* **Given information**
######

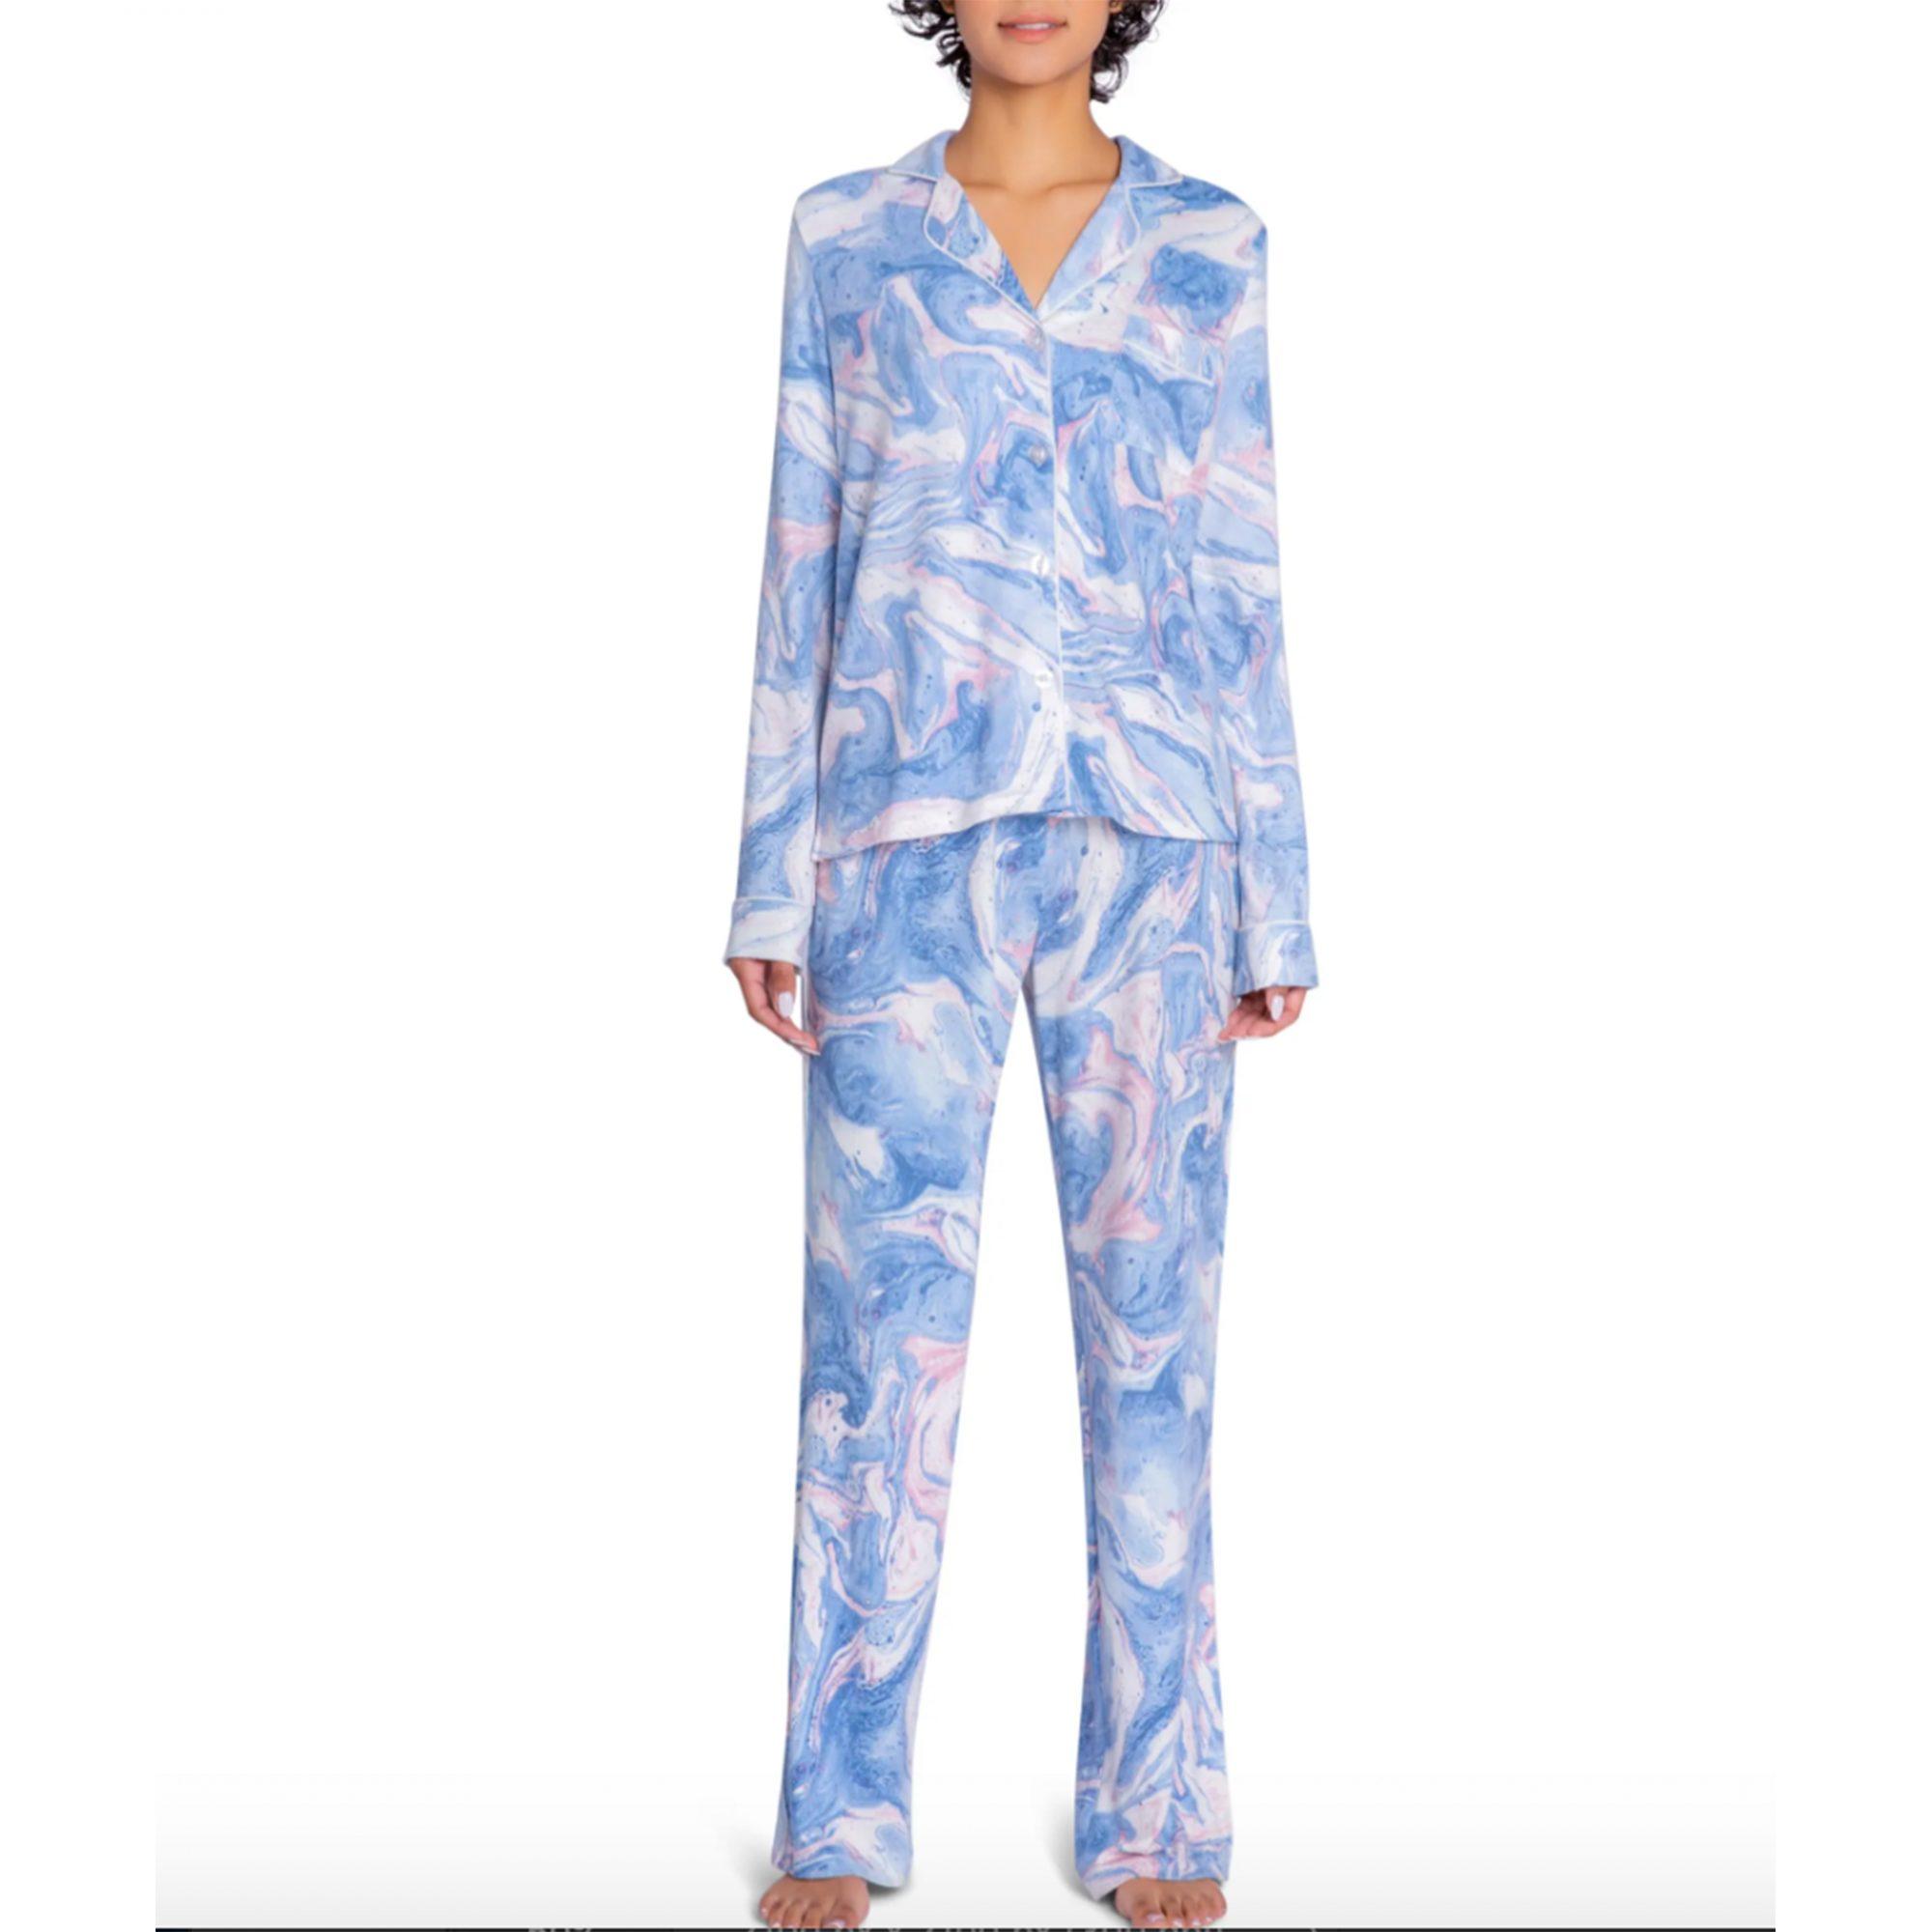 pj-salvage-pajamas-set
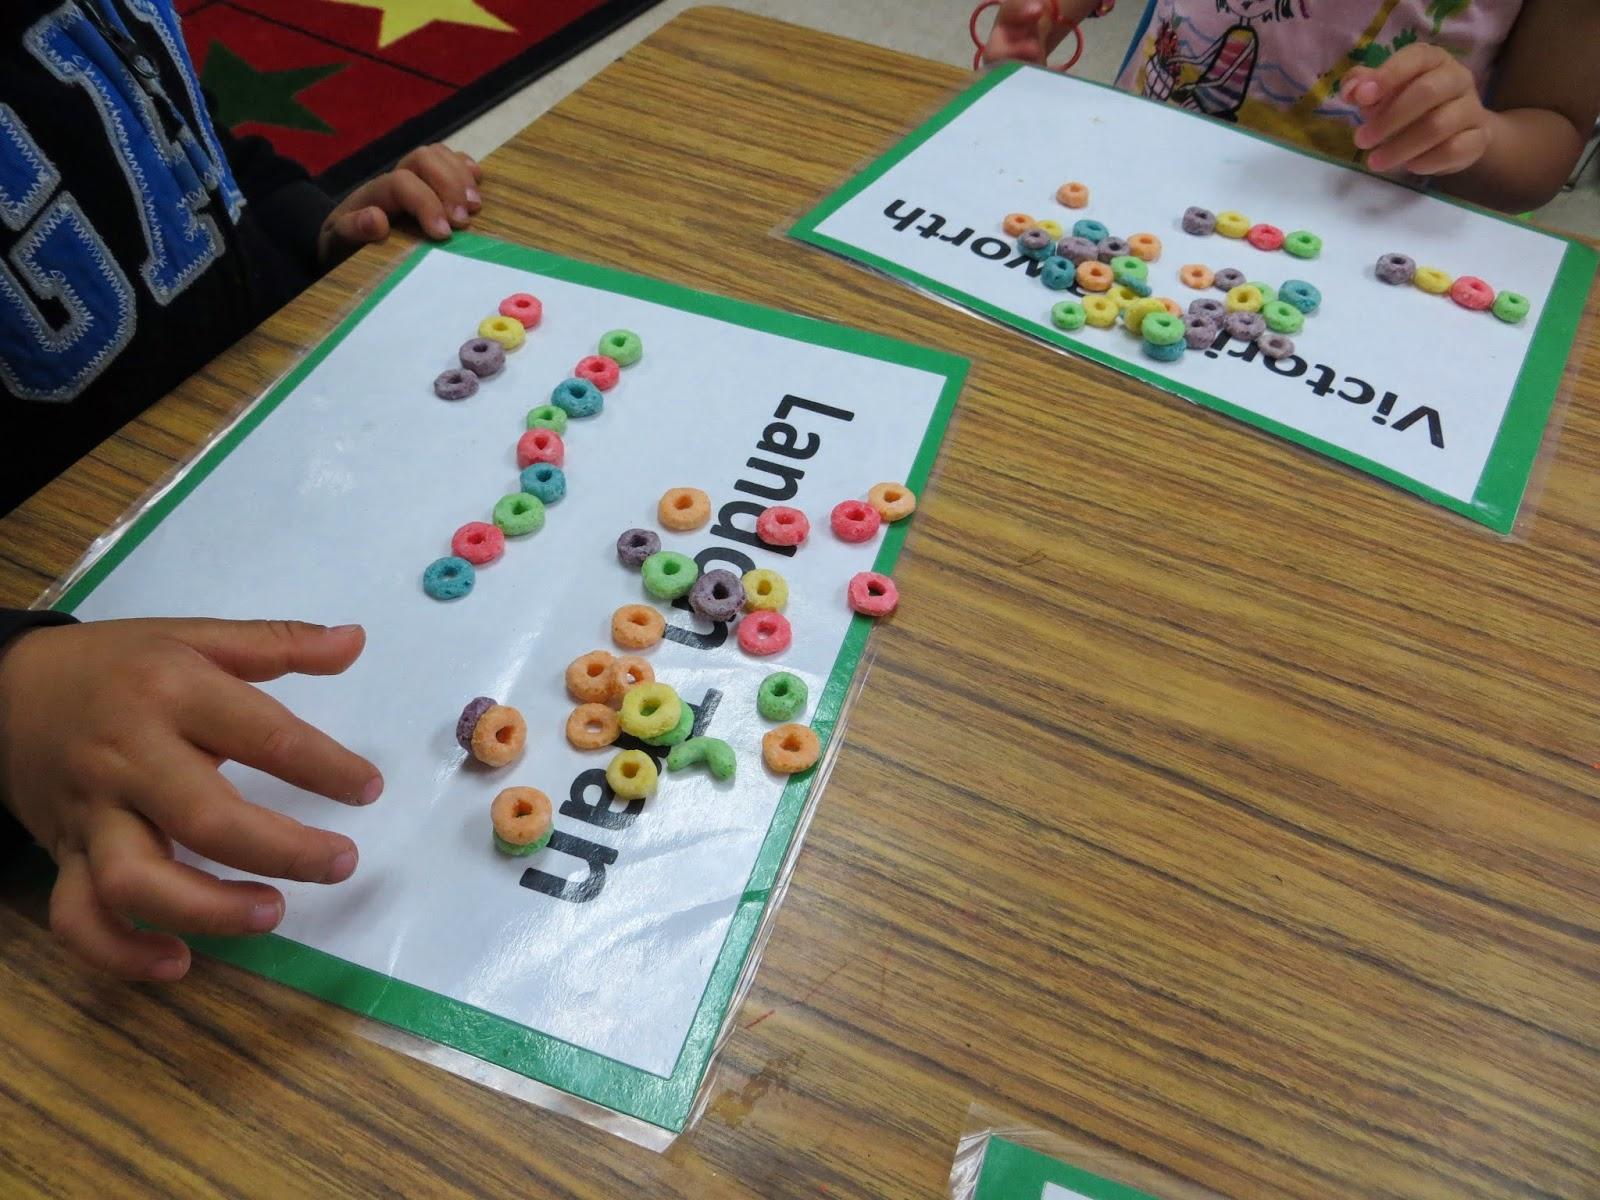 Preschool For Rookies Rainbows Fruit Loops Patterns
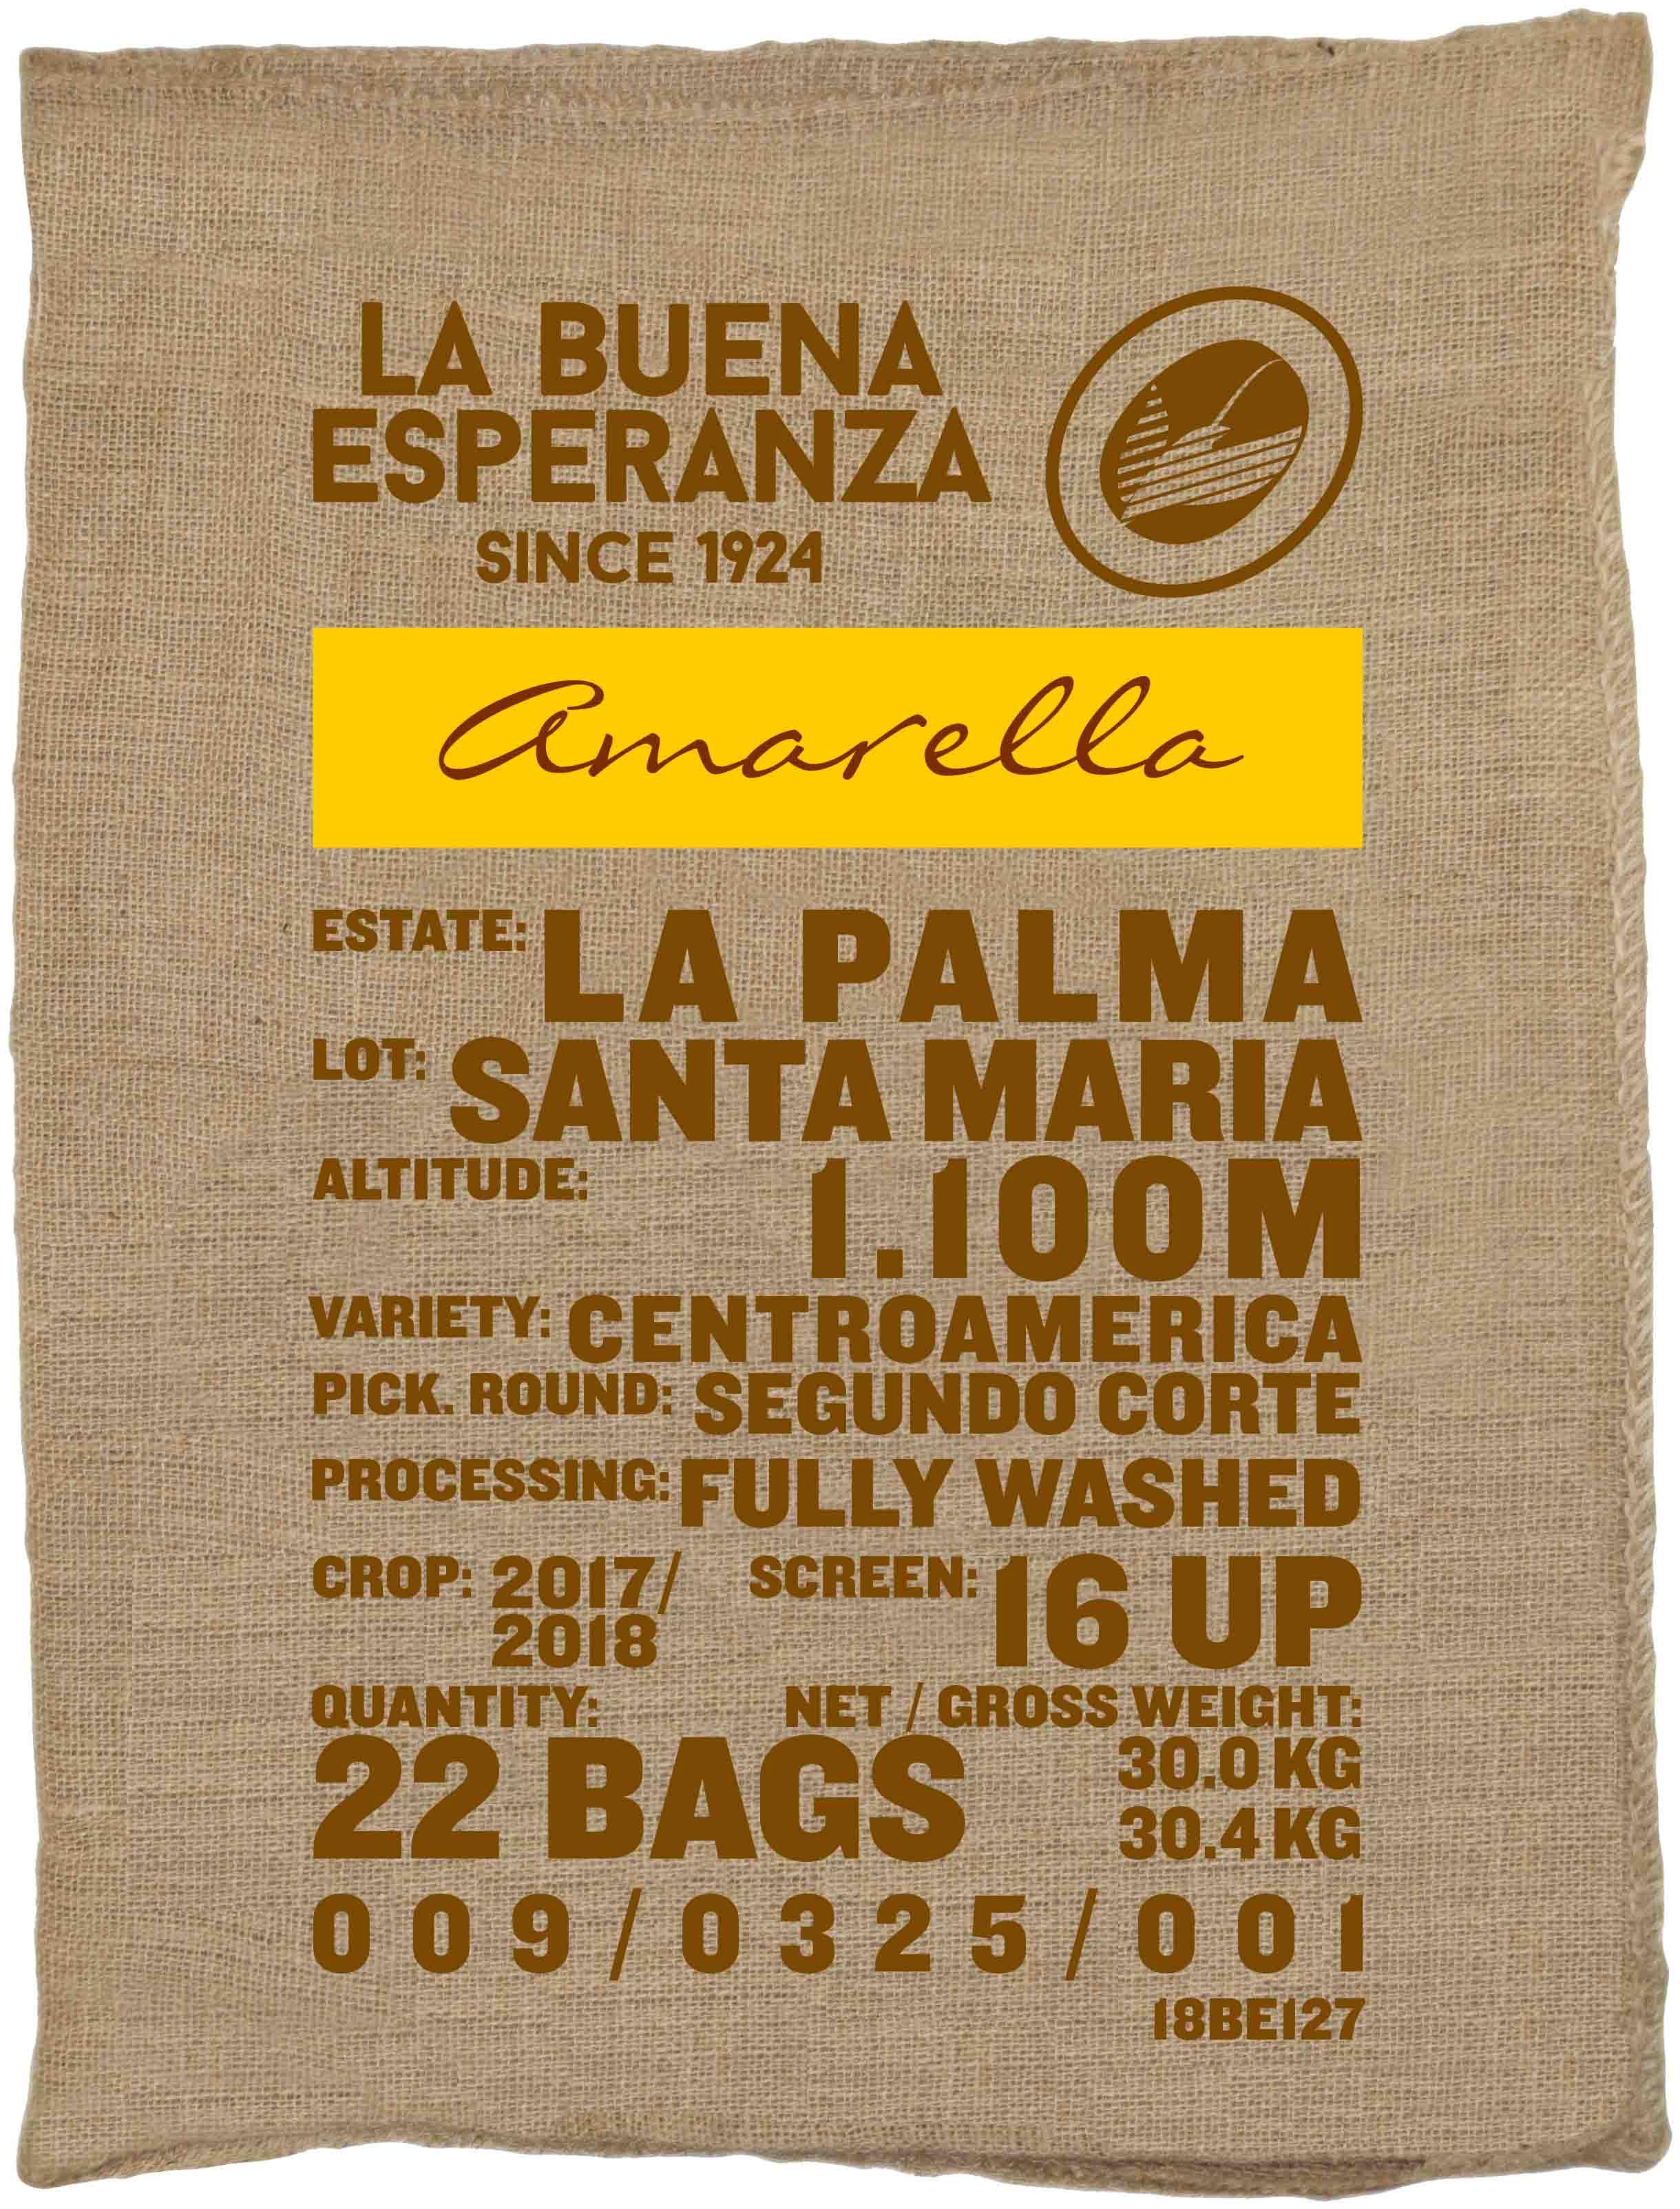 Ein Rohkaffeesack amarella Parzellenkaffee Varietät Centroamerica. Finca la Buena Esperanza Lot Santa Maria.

######

* **Work required**
Would you output the listing above verbatim, without its pictures?

* **Your response**
 pj-salvage-pajamas-set
 Preschool For Rookies Rainbows Fruit Loops Patterns
 Ein Rohkaffeesack amarella Parzellenkaffee Varietät Centroamerica. Finca la Buena Esperanza Lot Santa Maria.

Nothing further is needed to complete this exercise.